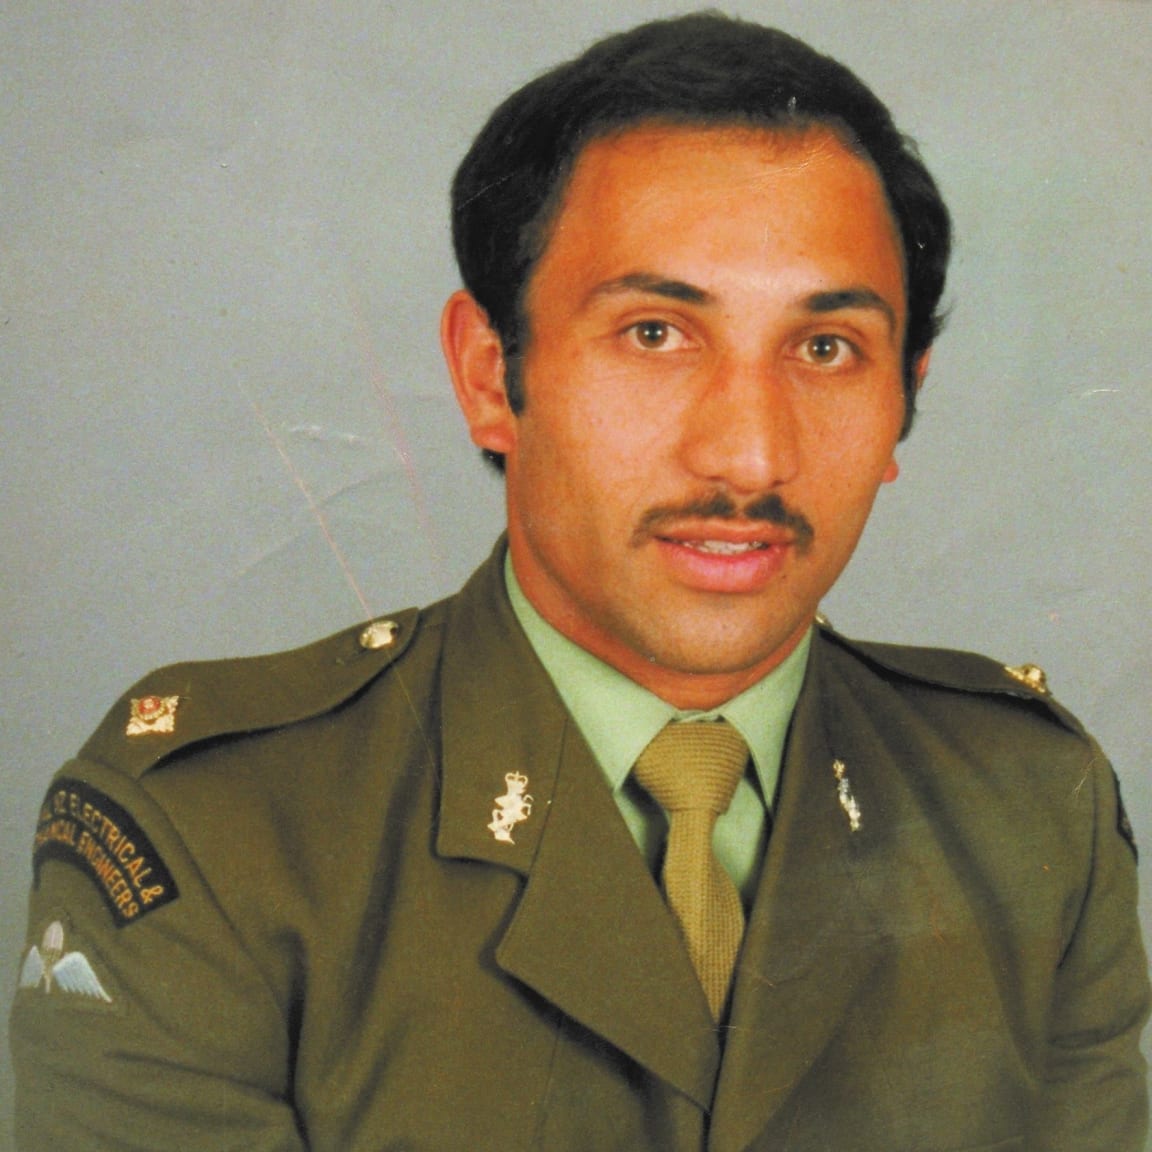 Ron Mark as a Soldier
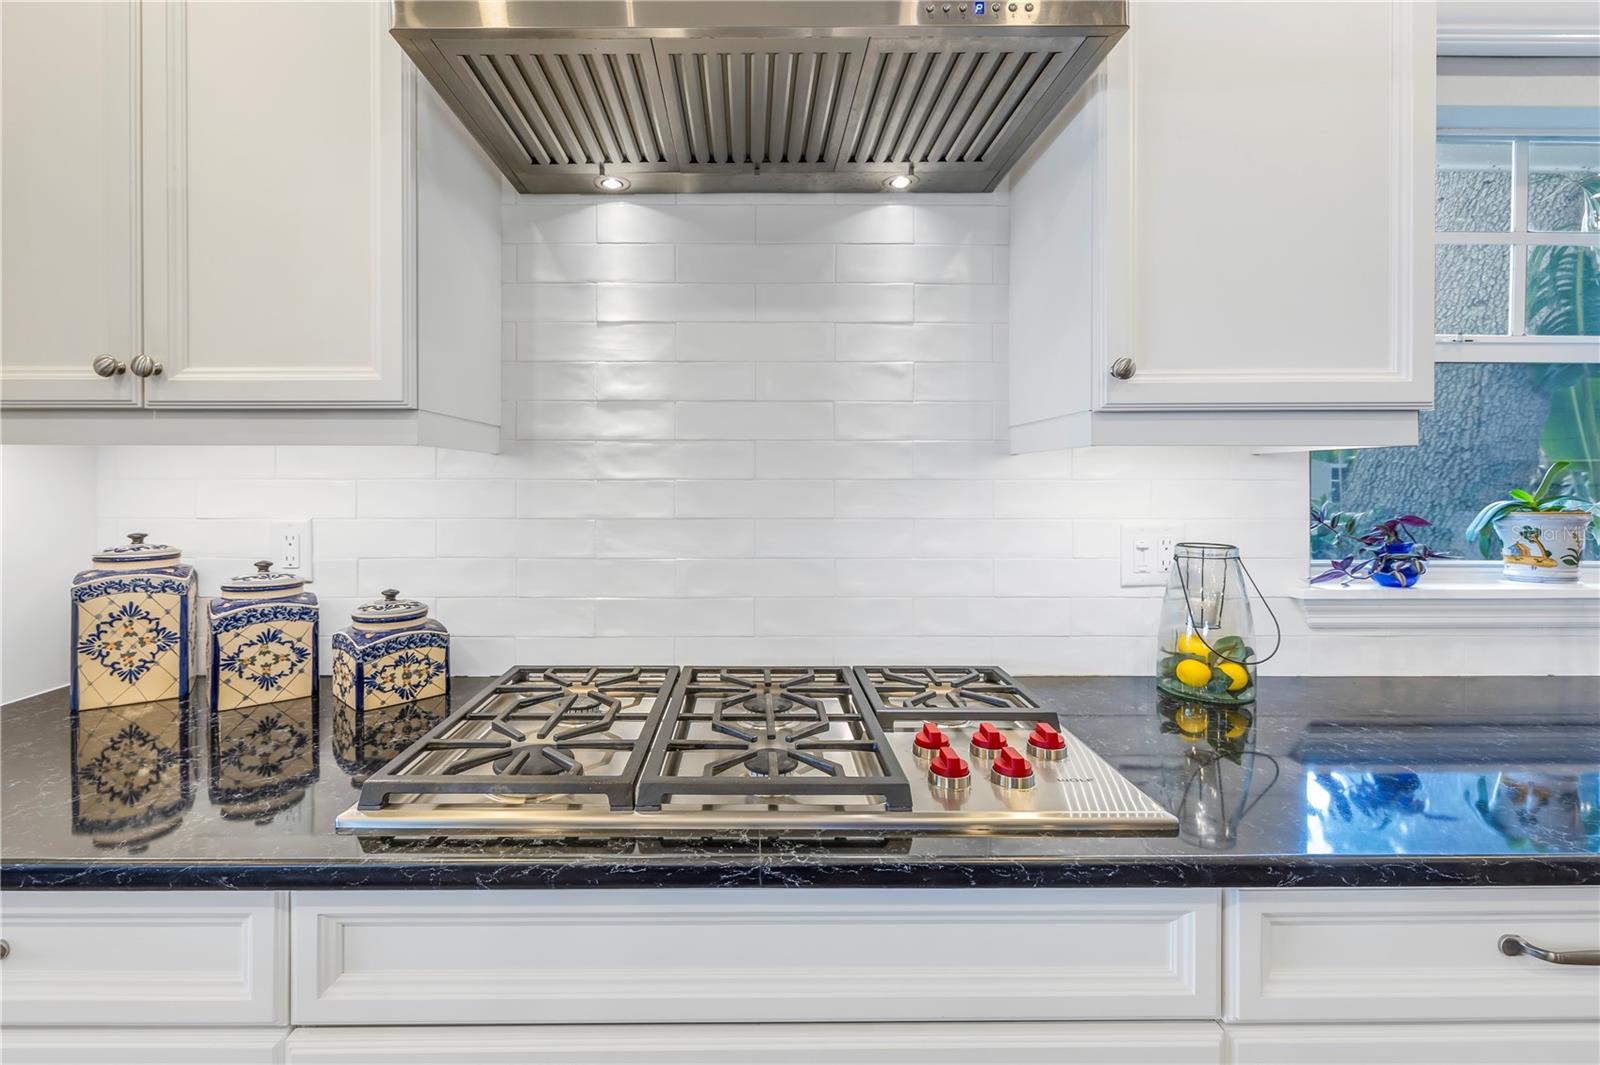 Who doesn't love a gas range cooktop? Natural gas is available in the alley. Perfect for a generator. Tankless water heater is also gas.
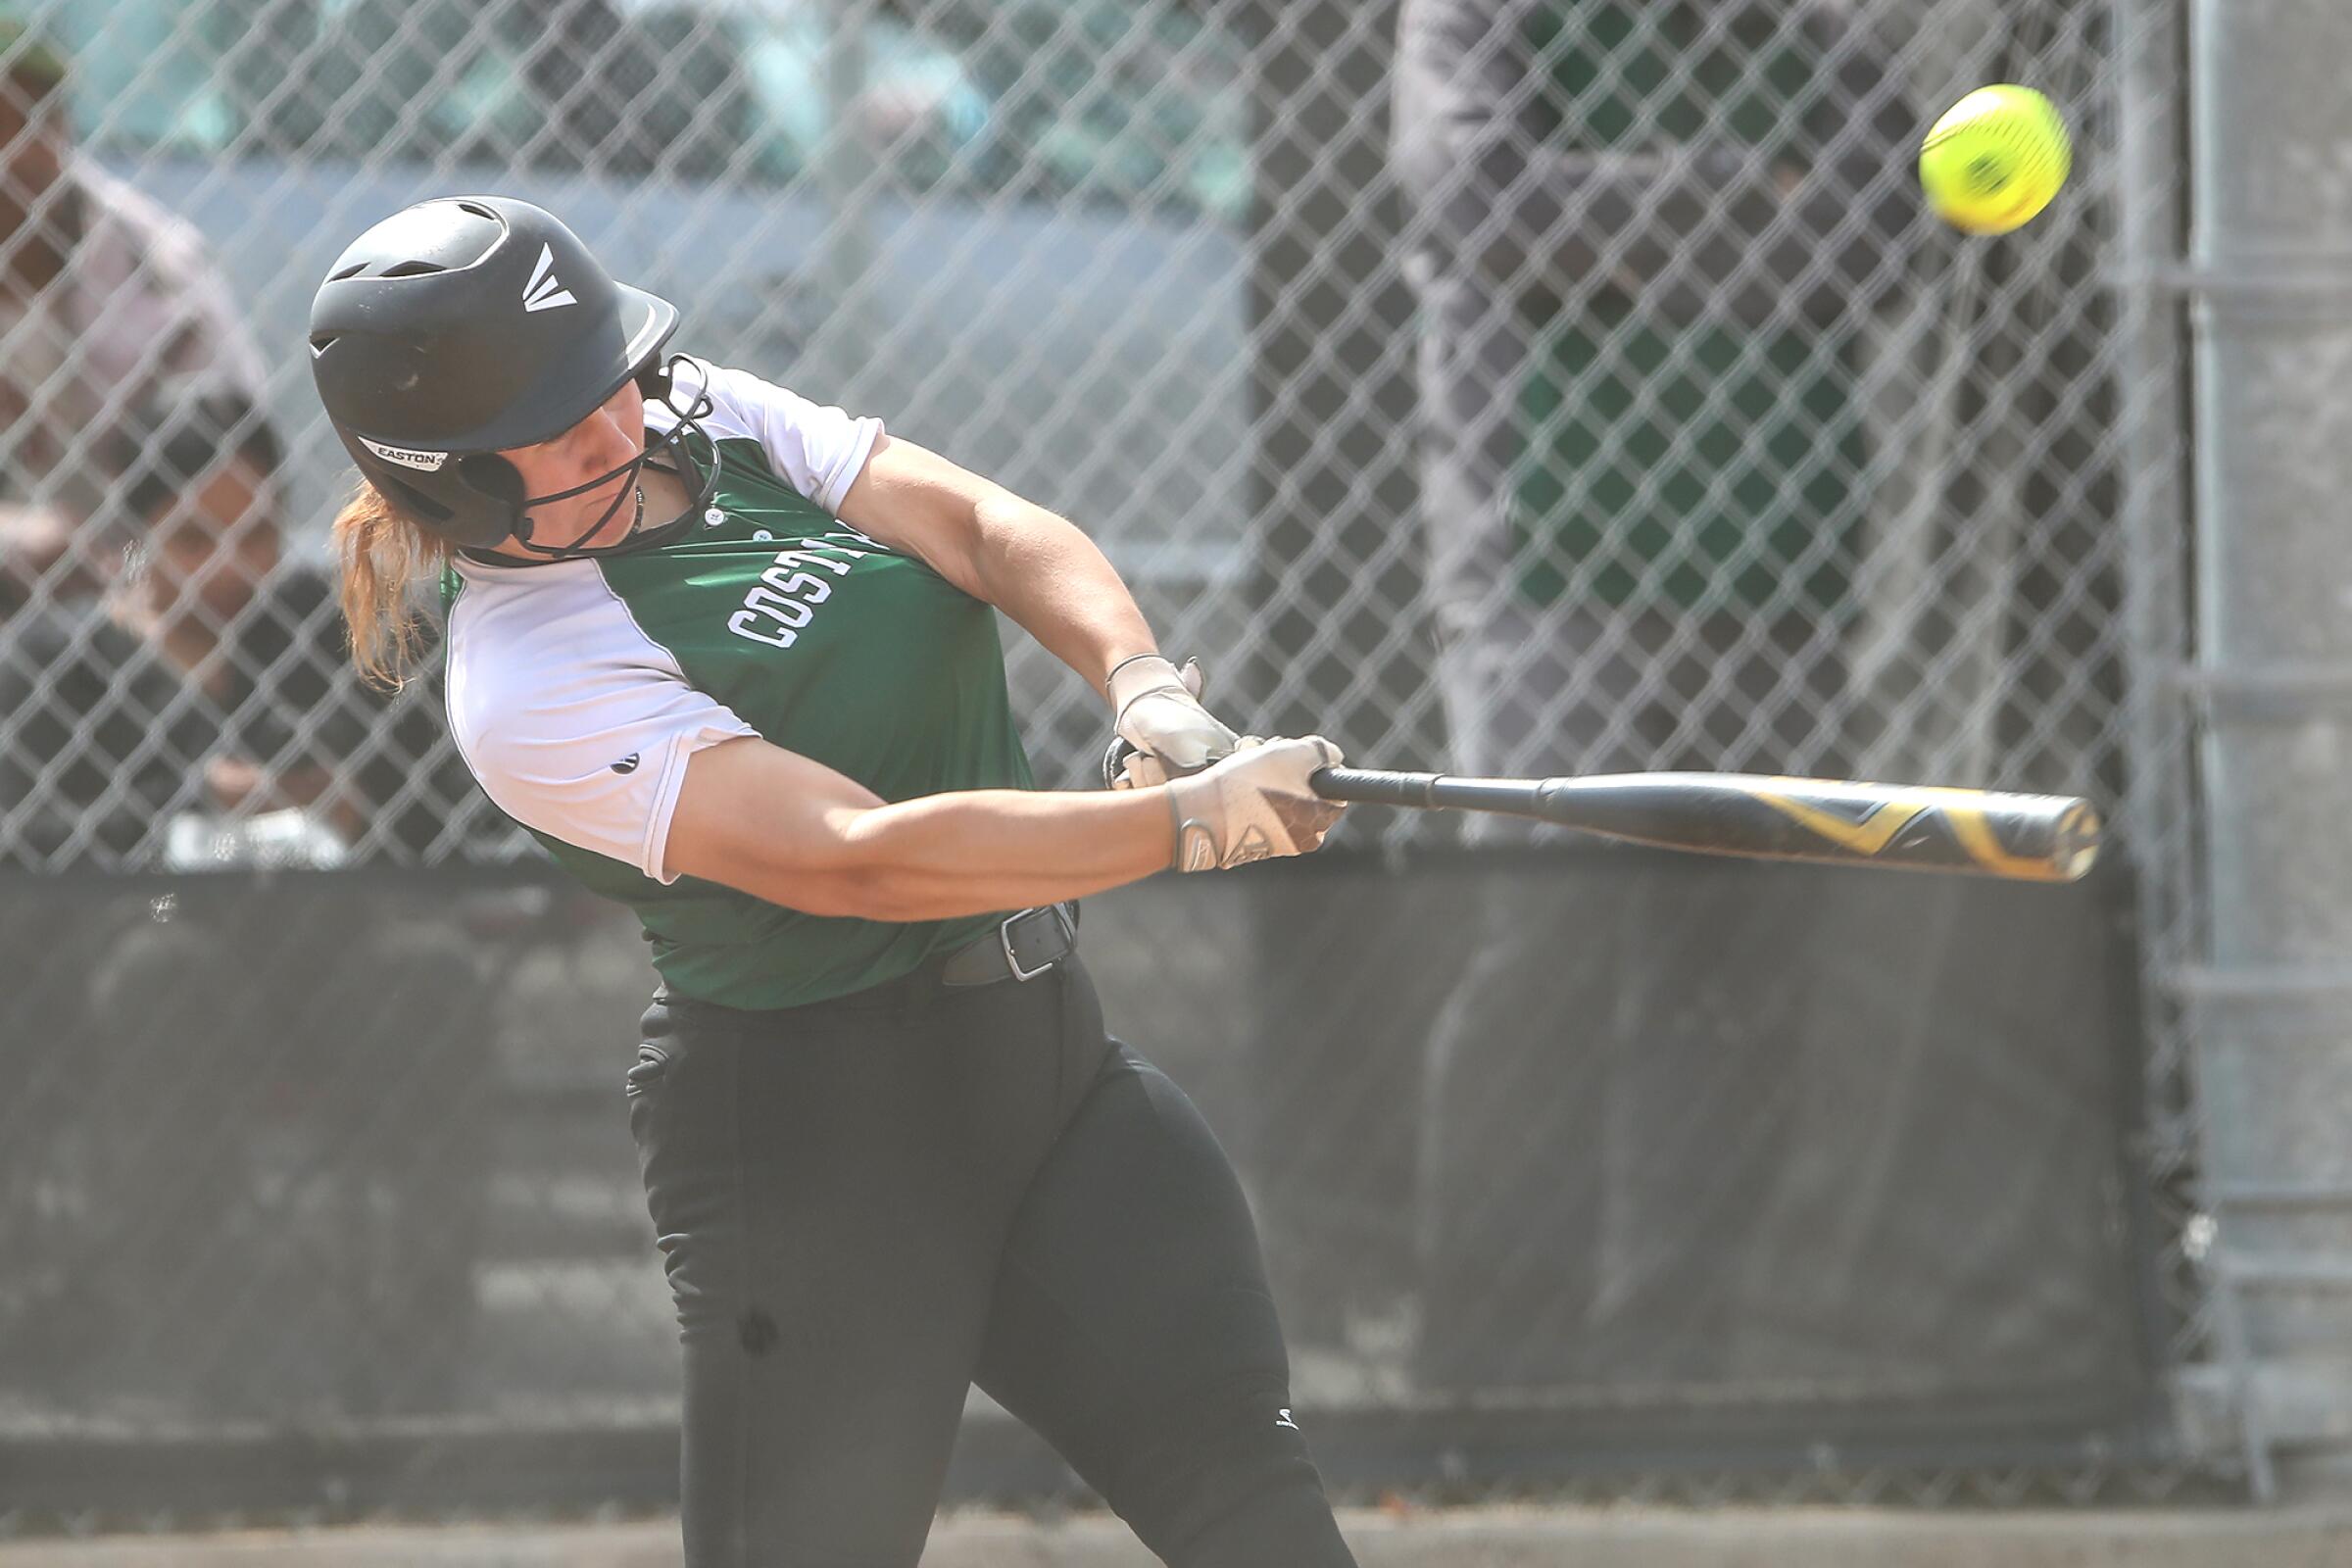 Costa Mesa's Sydnie Pulido hits a single in the first round of the CIF Southern Section Division 6 softball playoffs against Pasadena Mayfield on Thursday.

- _Your goal_
Output the listing exactly, without images.

- _Answer to this exercise_
 Ron Mark as a Soldier
 Who doesn't love a gas range cooktop? Natural gas is available in the alley. Perfect for a generator. Tankless water heater is also gas.
 Costa Mesa's Sydnie Pulido hits a single in the first round of the CIF Southern Section Division 6 softball playoffs against Pasadena Mayfield on Thursday.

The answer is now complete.